▸ **Work task**
Retype the data that follows exactly. No pictures belong in the copy.

▸ **Data excerpt**
- - - - -

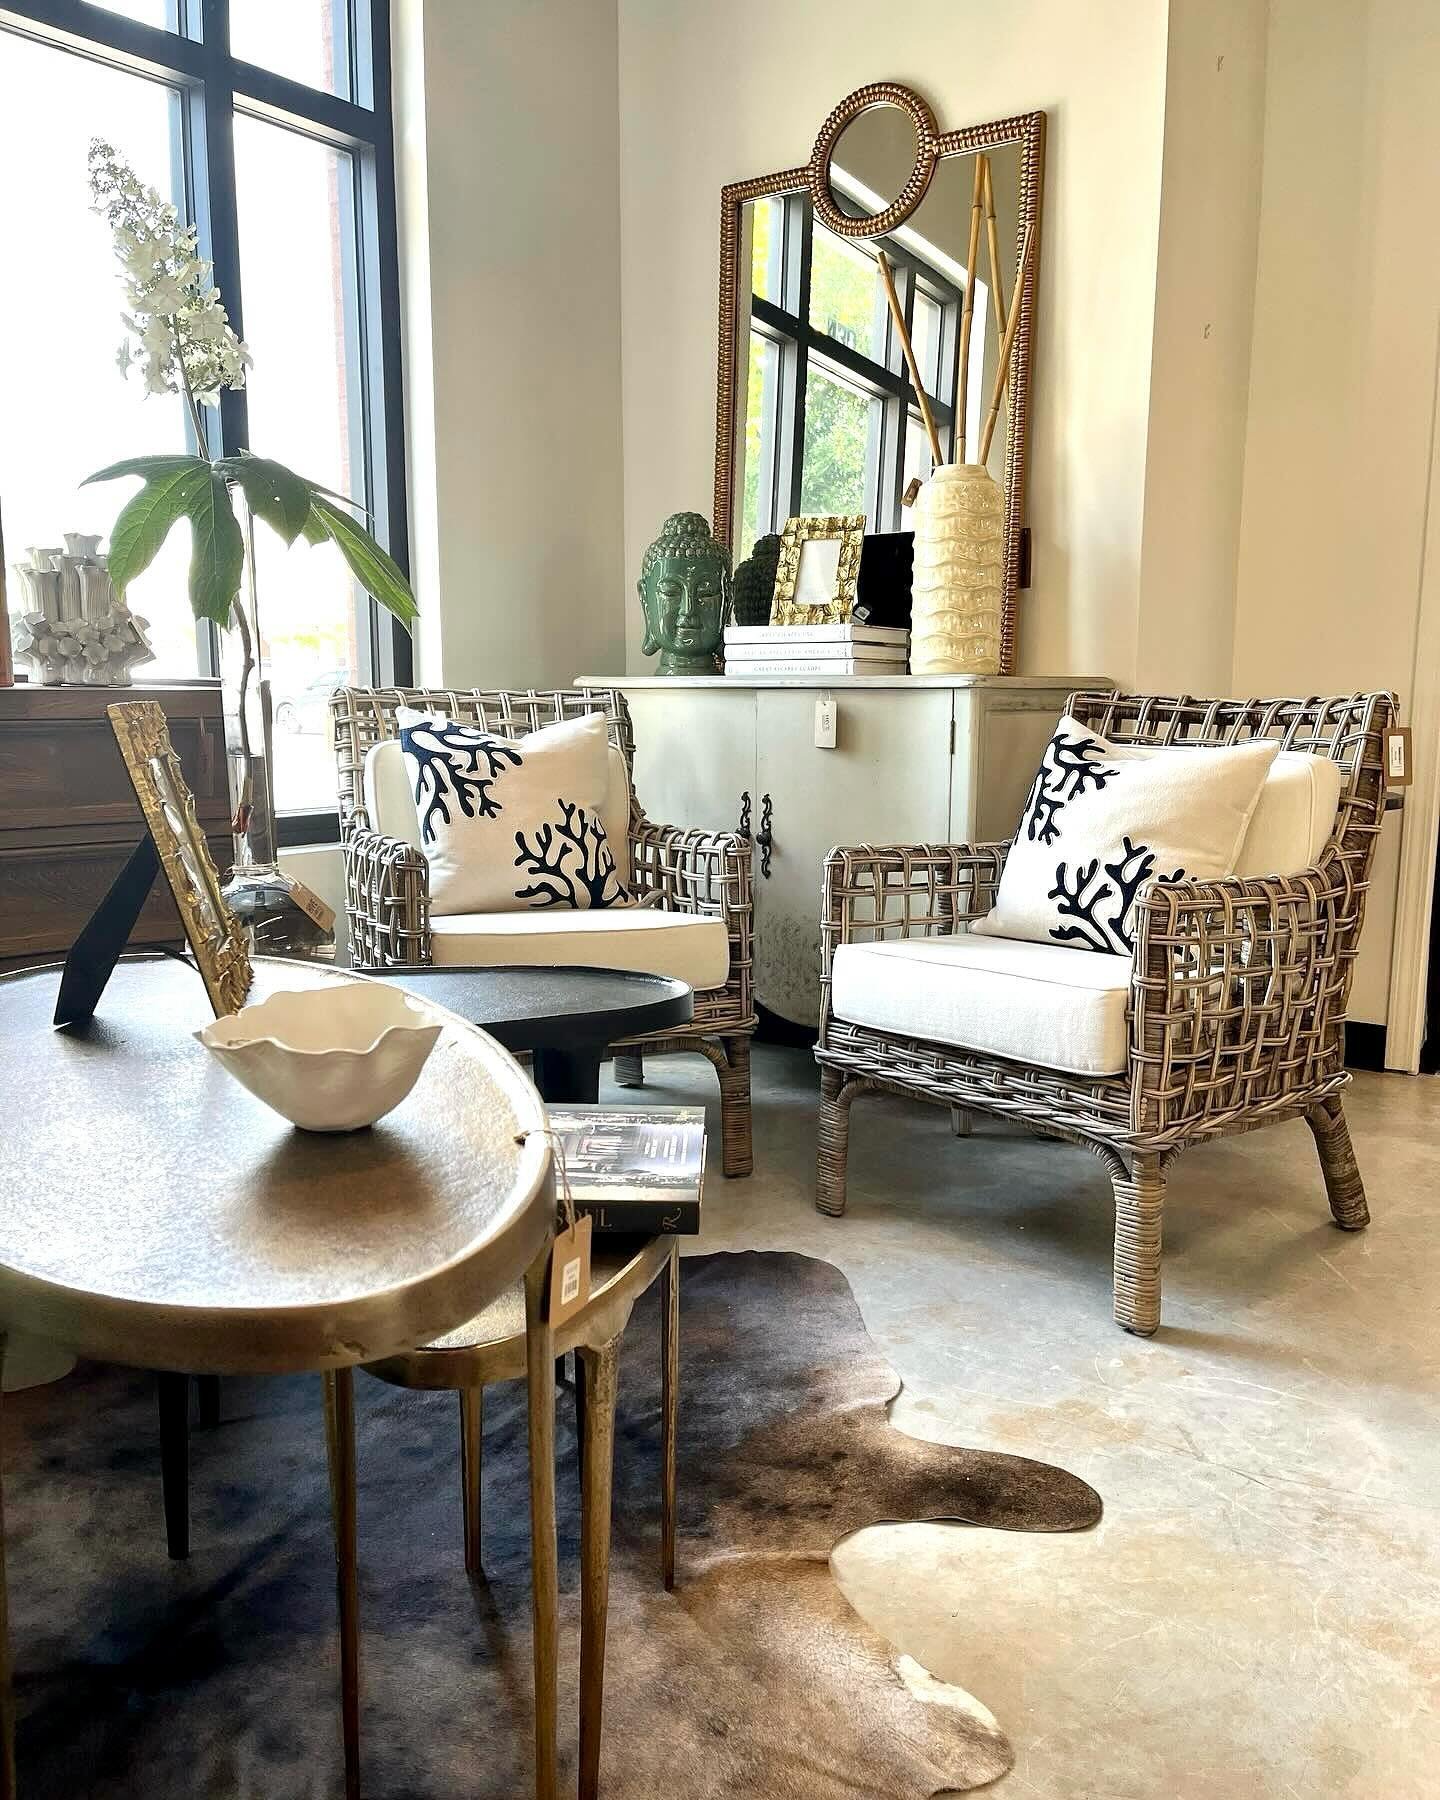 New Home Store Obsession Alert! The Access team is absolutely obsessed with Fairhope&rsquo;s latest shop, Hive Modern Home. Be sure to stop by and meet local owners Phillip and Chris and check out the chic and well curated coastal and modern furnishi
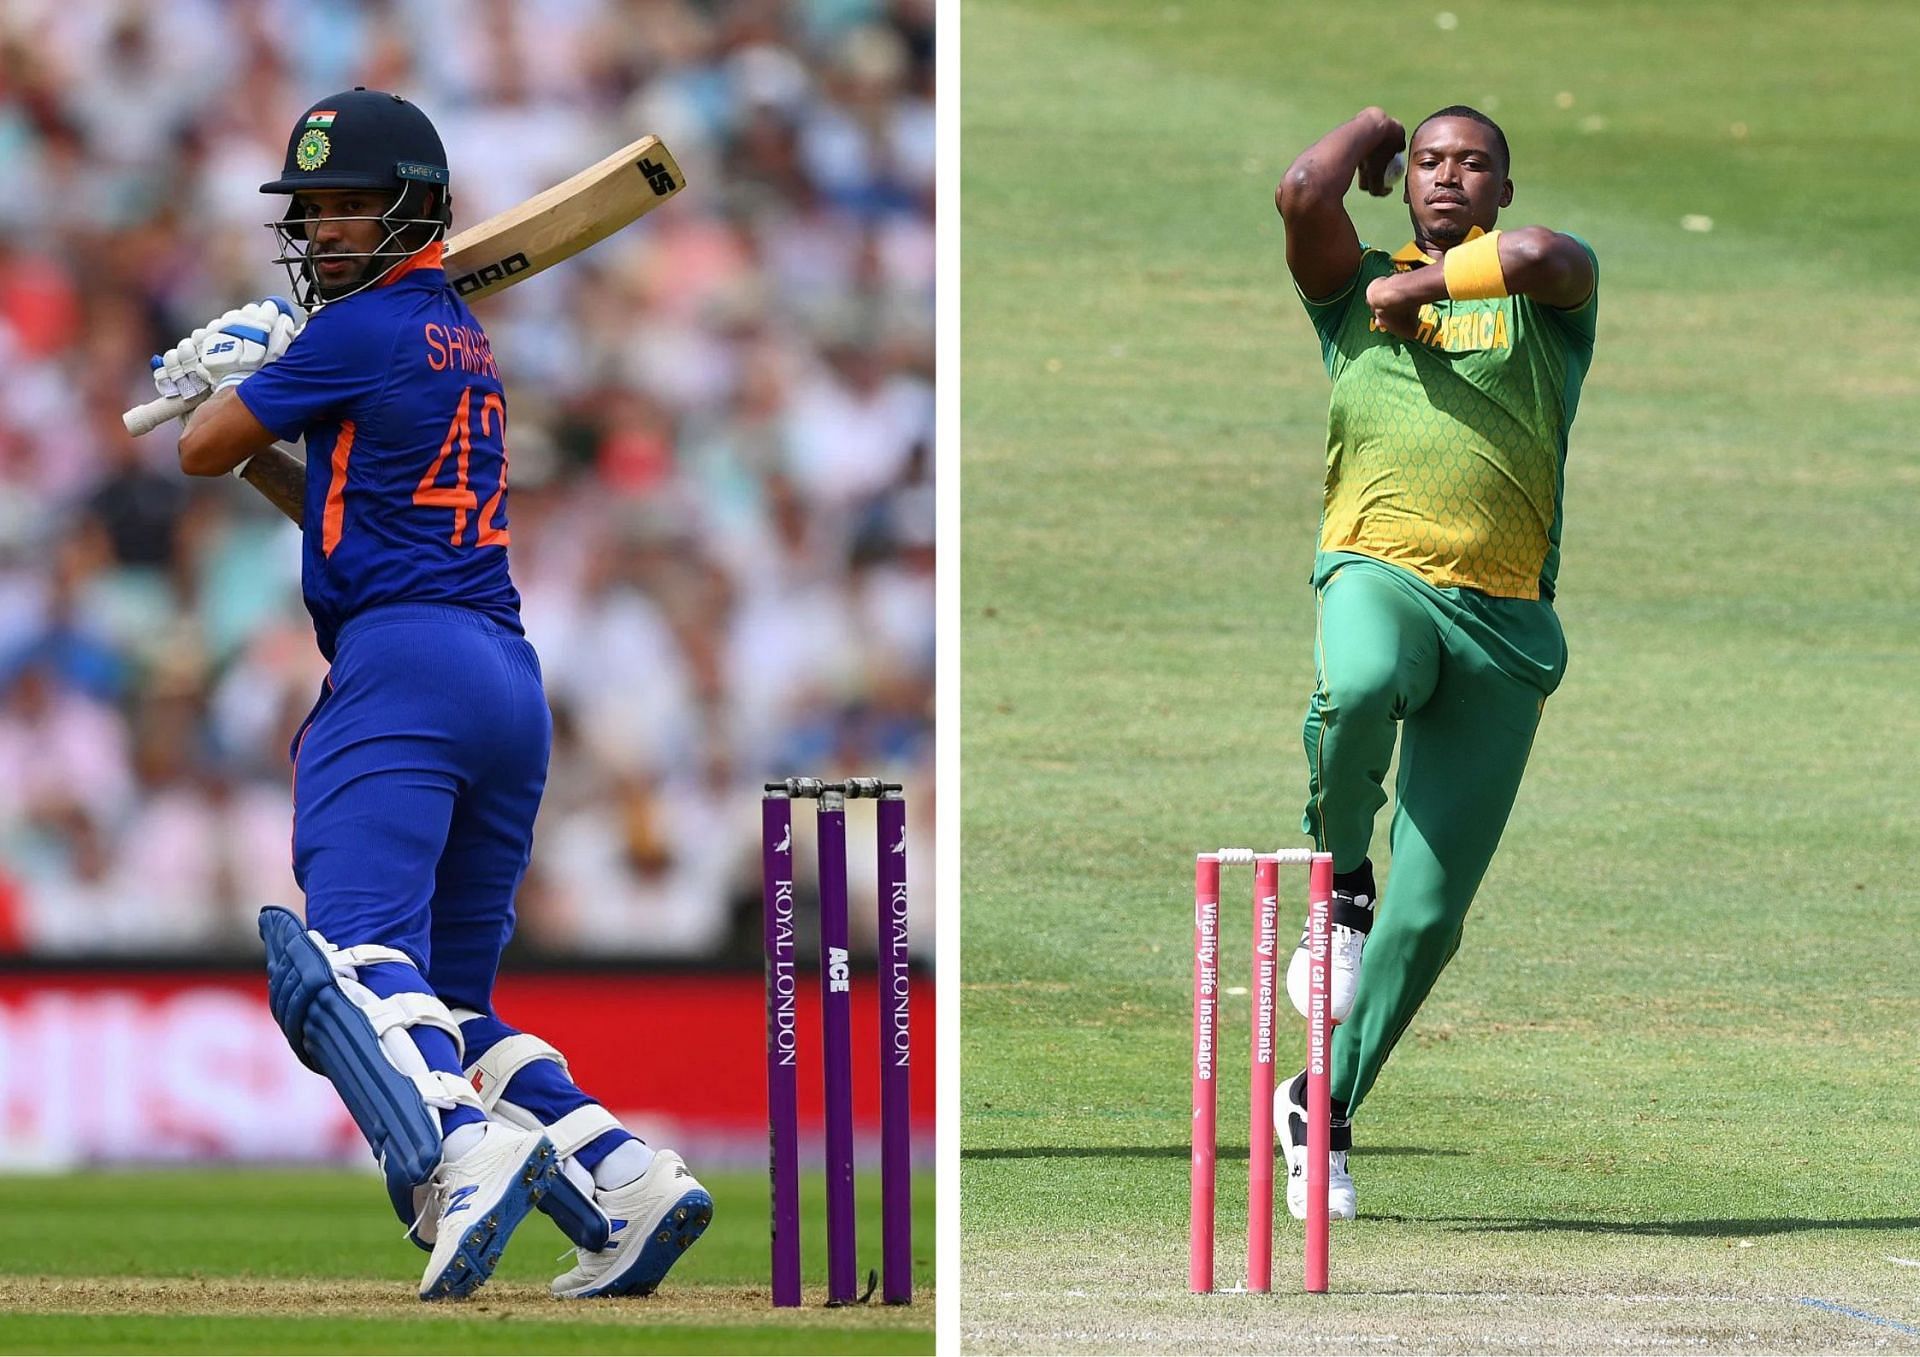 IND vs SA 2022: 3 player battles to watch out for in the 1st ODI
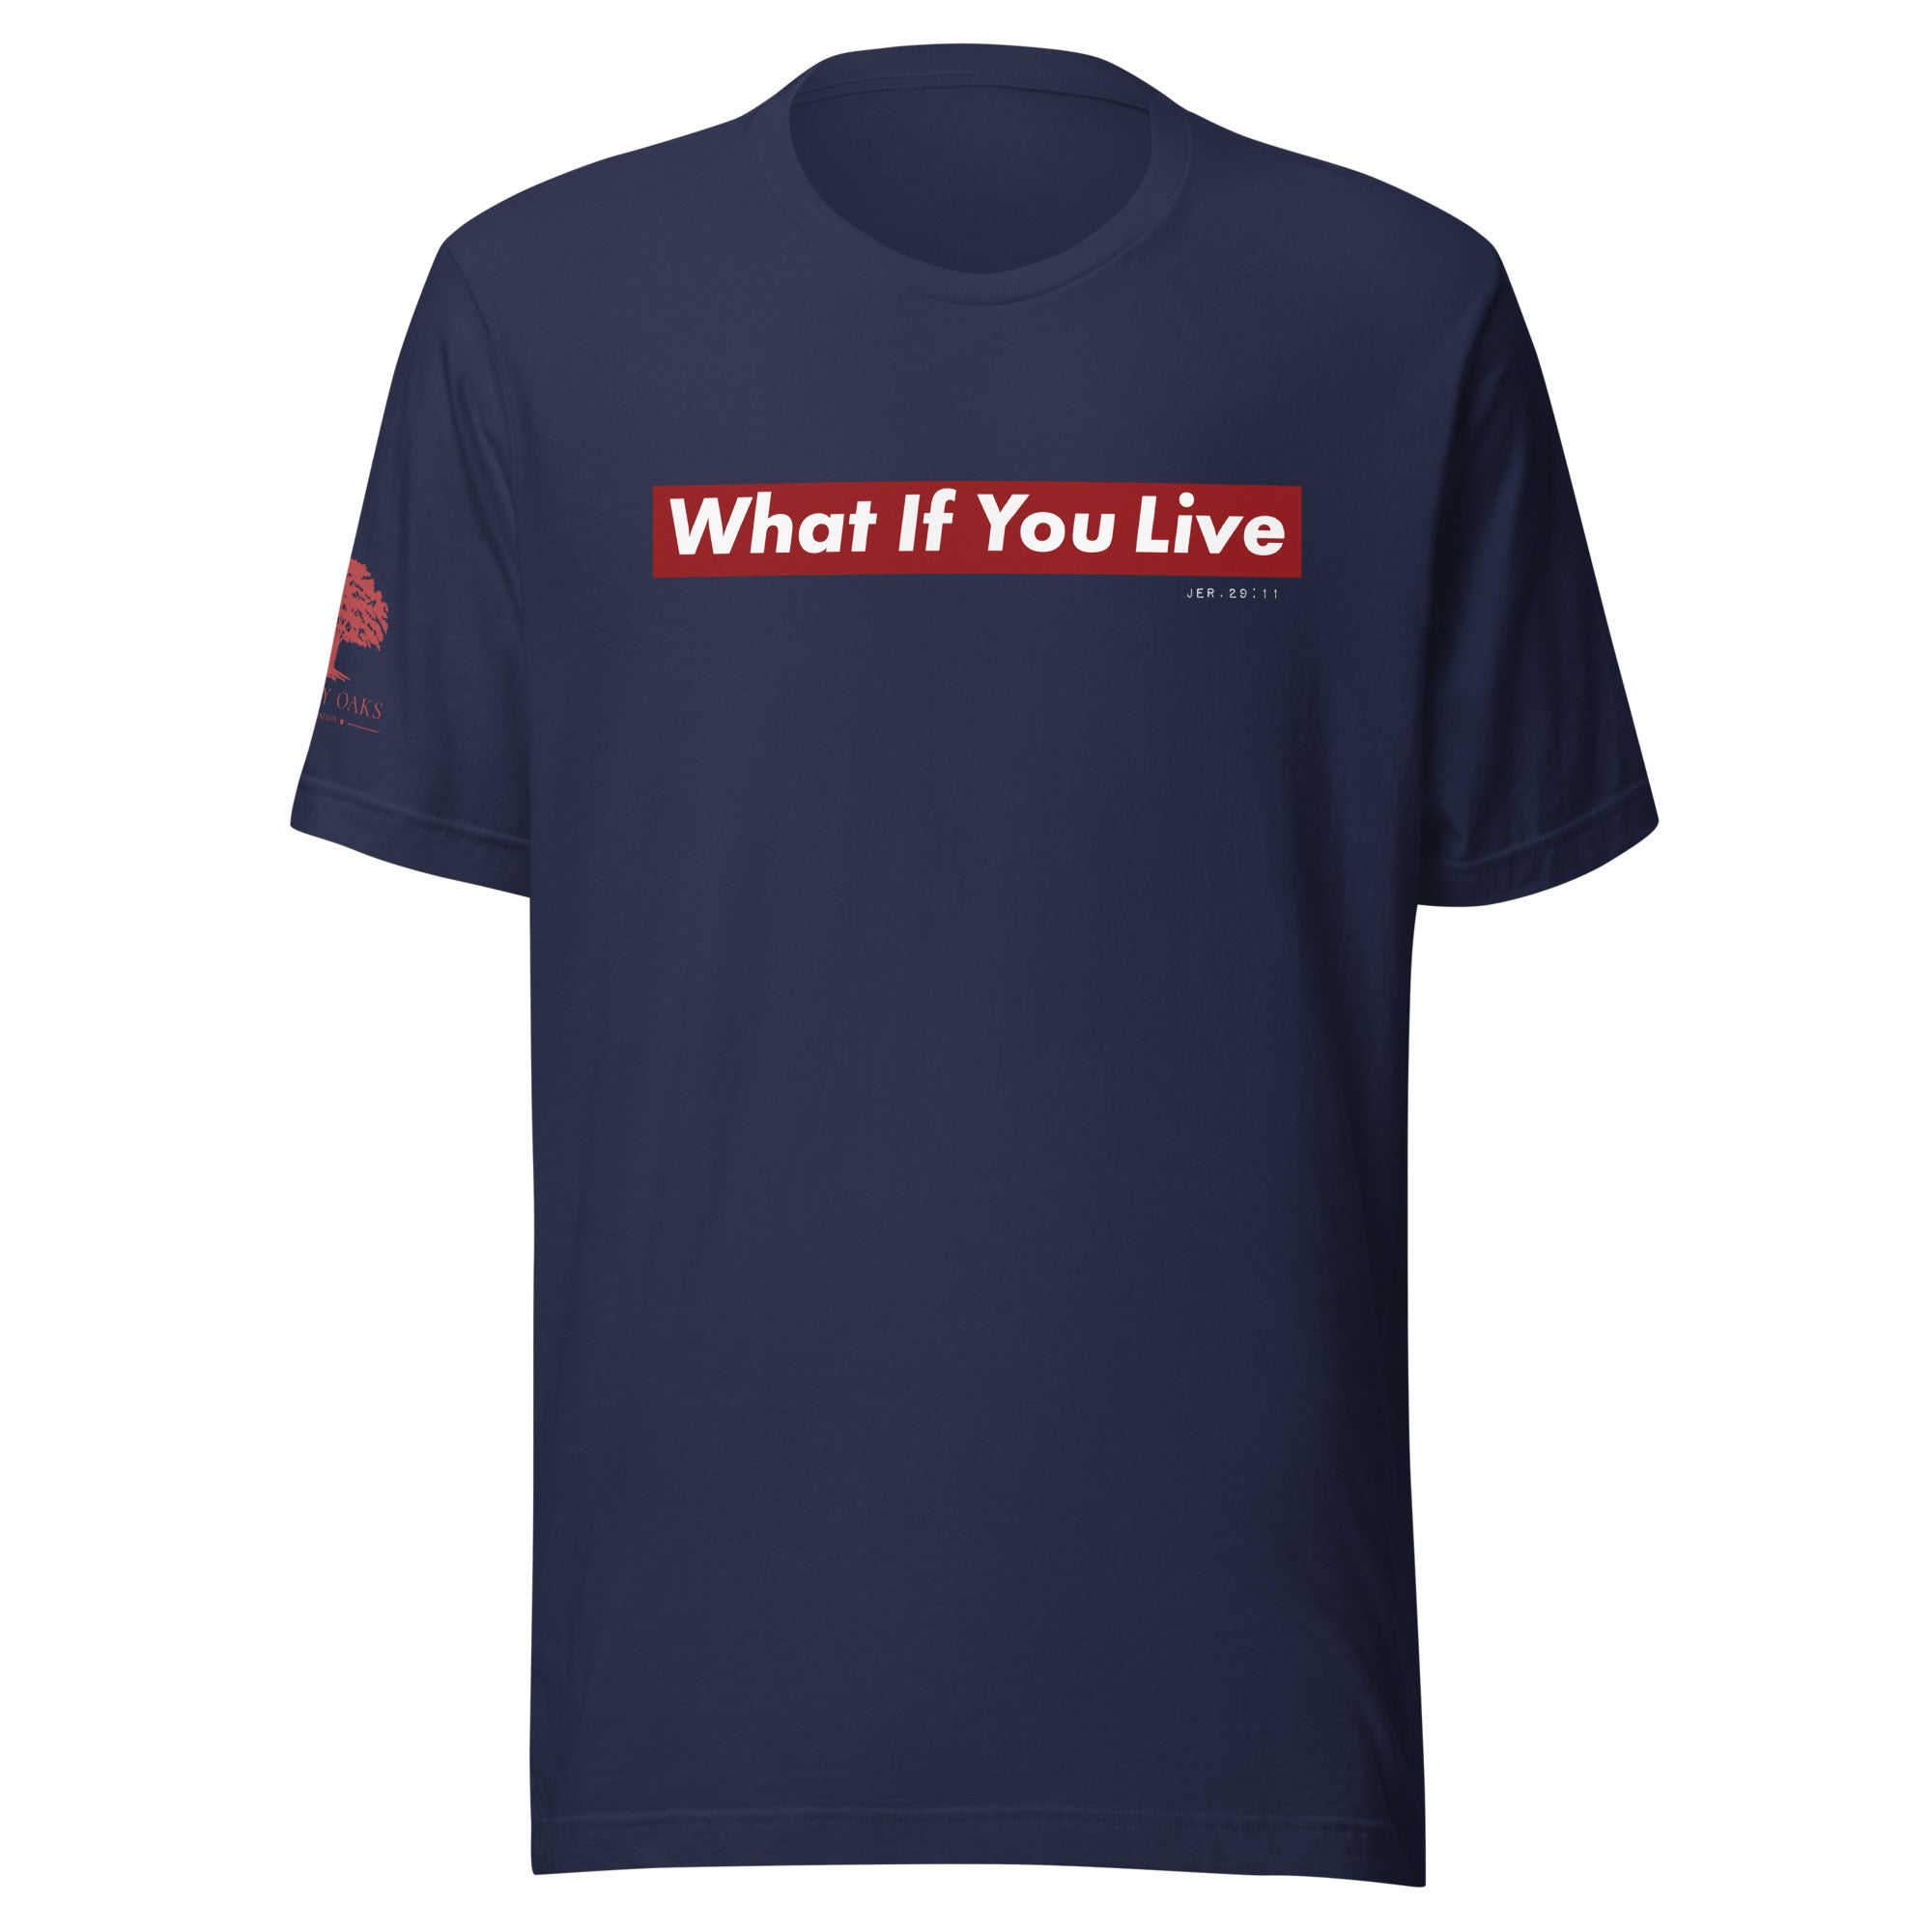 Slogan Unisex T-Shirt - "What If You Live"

- - - - -

▸ **Solution to this task**
 New Home Store Obsession Alert! The Access team is absolutely obsessed with Fairhope&rsquo;s latest shop, Hive Modern Home. Be sure to stop by and meet local owners Phillip and Chris and check out the chic and well curated coastal and modern furnishi
 IND vs SA 2022: 3 player battles to watch out for in the 1st ODI
 Slogan Unisex T-Shirt - "What If You Live"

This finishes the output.